Zubnet AI学习Wiki › Clustering
基础

Clustering

K-Means, DBSCAN, Cluster Analysis
一种把相似数据点归到一起的无监督学习任务,不用预定义标签。给一份客户购买数据,聚类可能发现不同的客户群(图便宜的、买奢侈的、偶尔购买的)。K-means 是最常见的算法:选 K 个 cluster,把每个点分到最近的 cluster 中心,迭代精炼中心。

为什么重要

聚类是最常见的无监督学习任务,到处都是:客户分群、文档归组、异常检测(不属于任何 cluster 的 outlier)、图像压缩(把相似像素归组)、数据探索(我的数据里有什么自然的组?)。它往往是理解新数据集的第一步。

Deep Dive

K-means works by: (1) randomly initializing K cluster centers, (2) assigning each data point to the nearest center, (3) moving each center to the mean of its assigned points, (4) repeating steps 2–3 until convergence.

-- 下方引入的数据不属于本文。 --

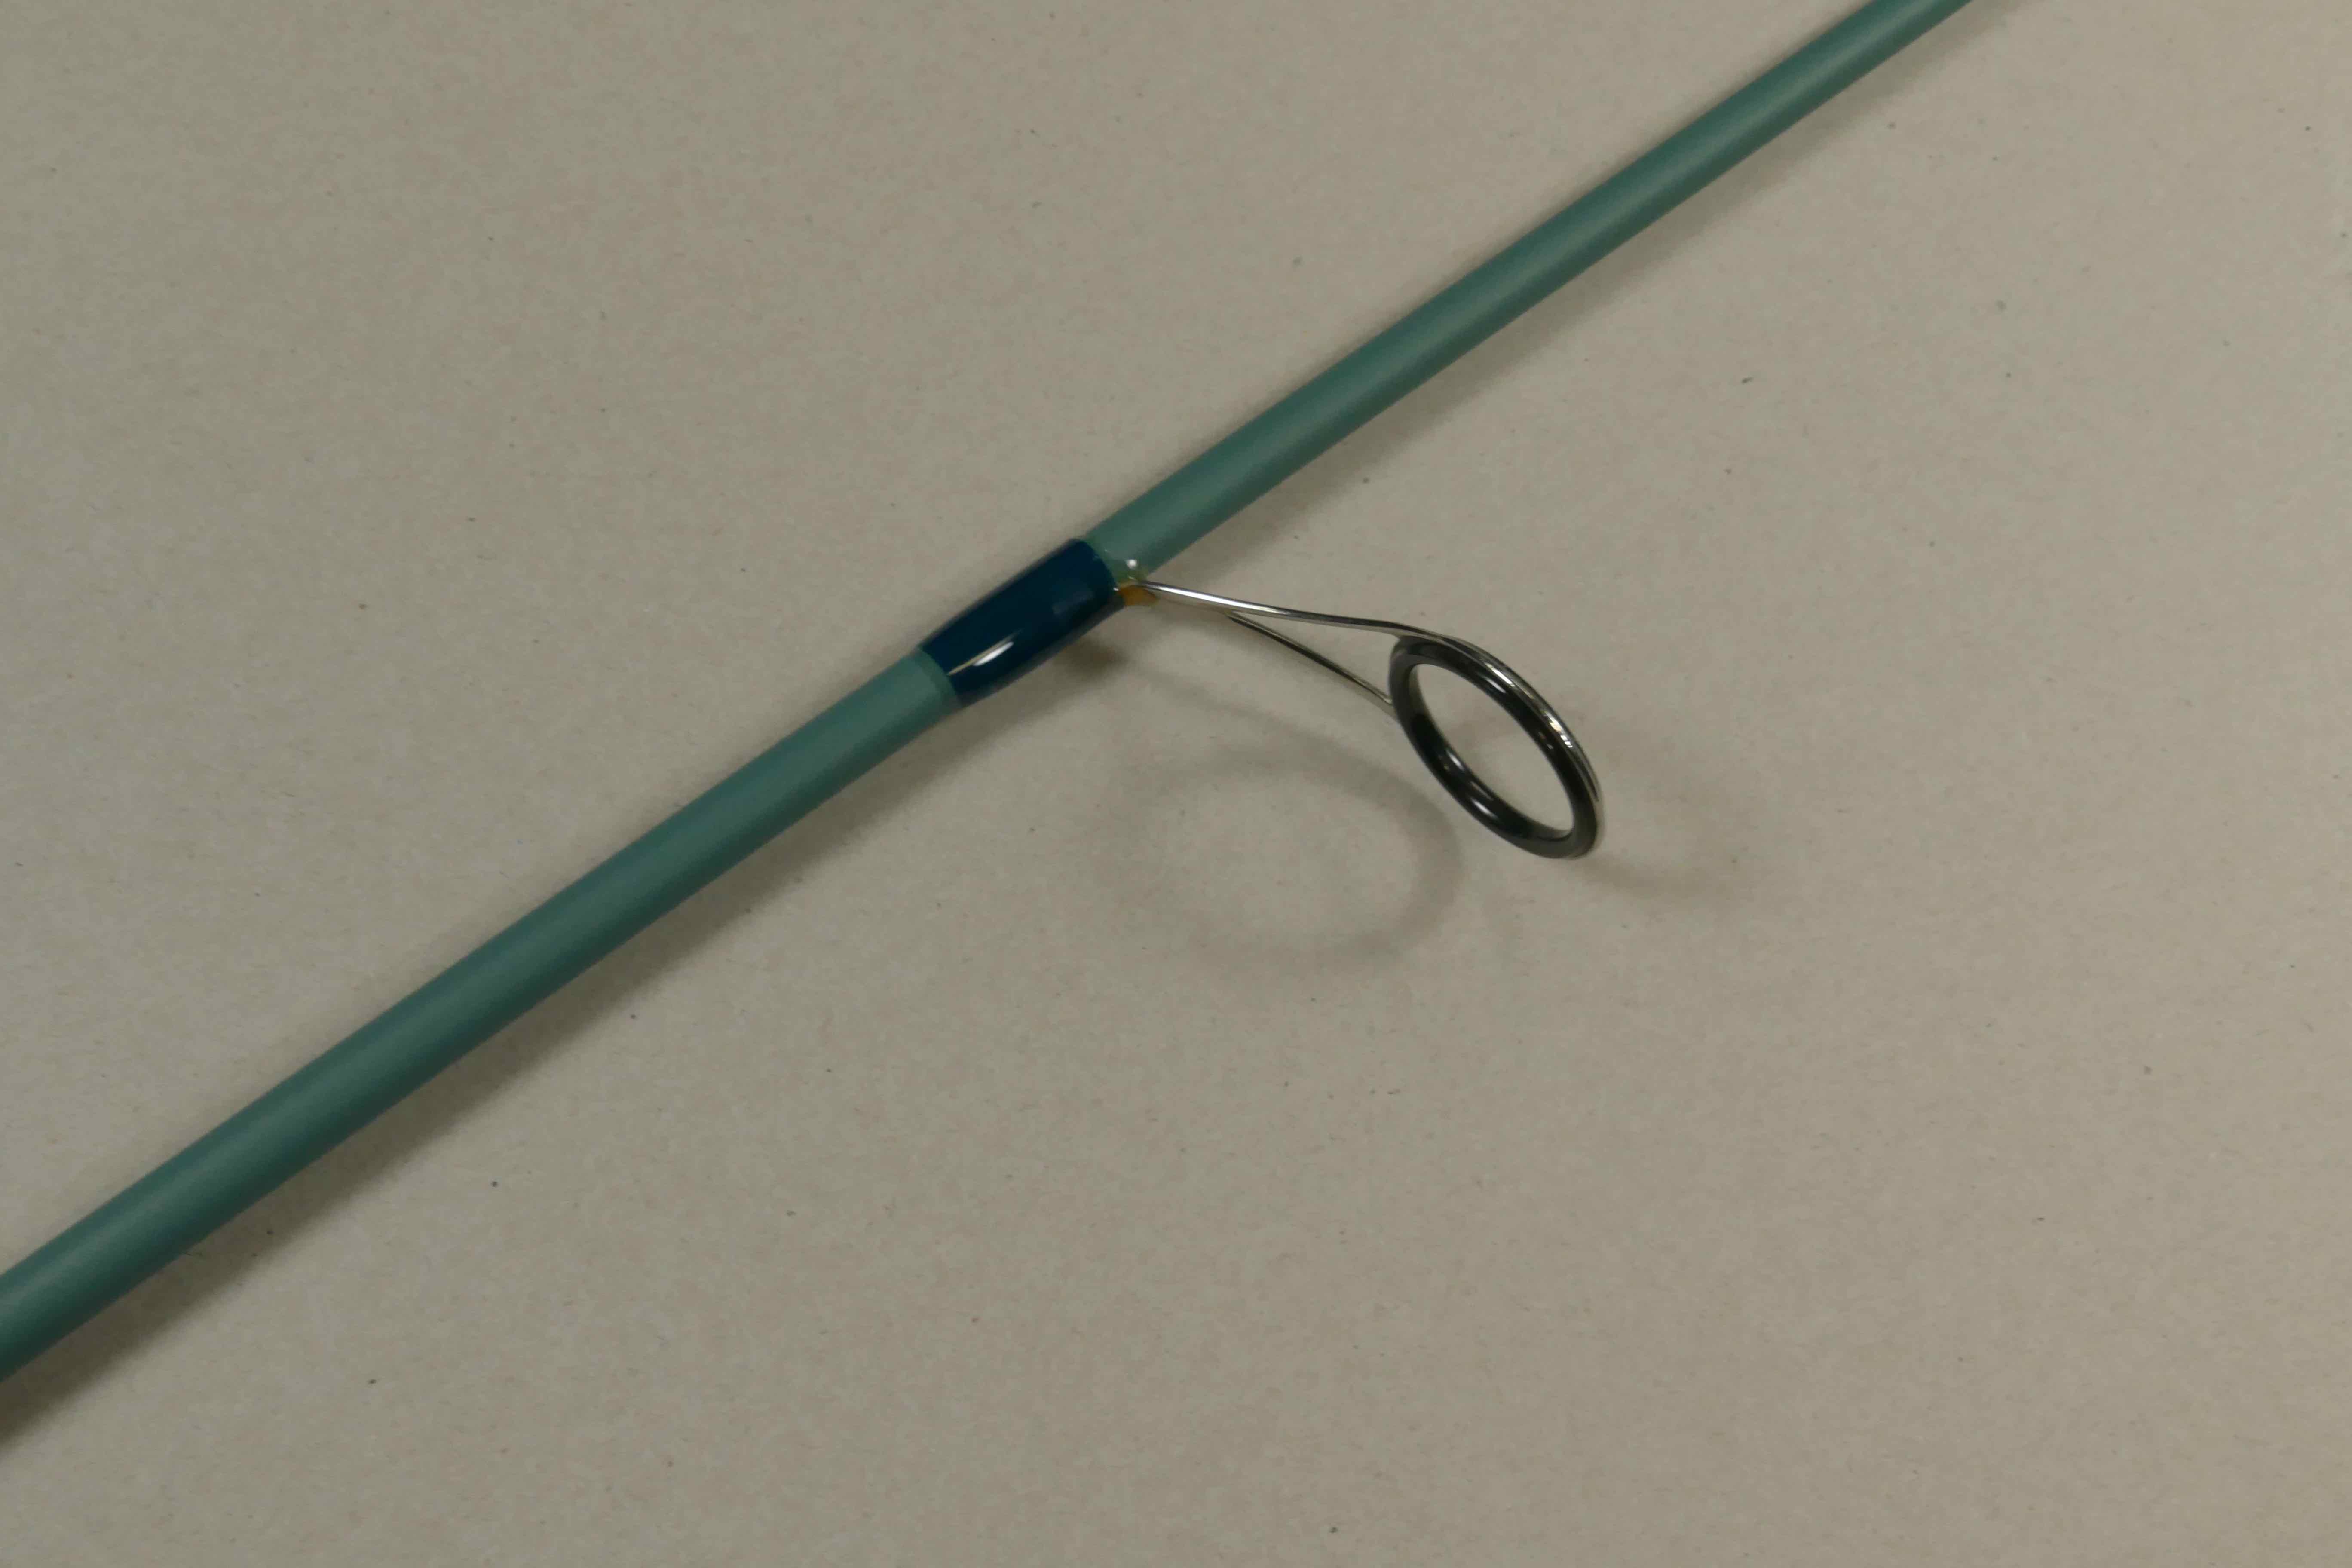 G. Loomis Greenwater 8’ 2” mag-medium, 1 piece power spinning rod for 1/4 to 1 1/4 oz. lures. GWR981S 10899-01     $160.00

The main challenge: choosing K. The "elbow method" (plot loss vs. K and find the bend) and silhouette scores are common heuristics, but the right number of clusters often requires domain knowledge.

Beyond K-Means

DBSCAN discovers clusters of arbitrary shapes (K-means assumes spherical clusters) and automatically identifies outliers as noise points. Hierarchical clustering builds a tree of nested clusters that you can cut at any level. Gaussian Mixture Models (GMMs) model clusters as probability distributions, allowing soft assignments (a point can partially belong to multiple clusters). Each method has strengths for different data geometries and use cases.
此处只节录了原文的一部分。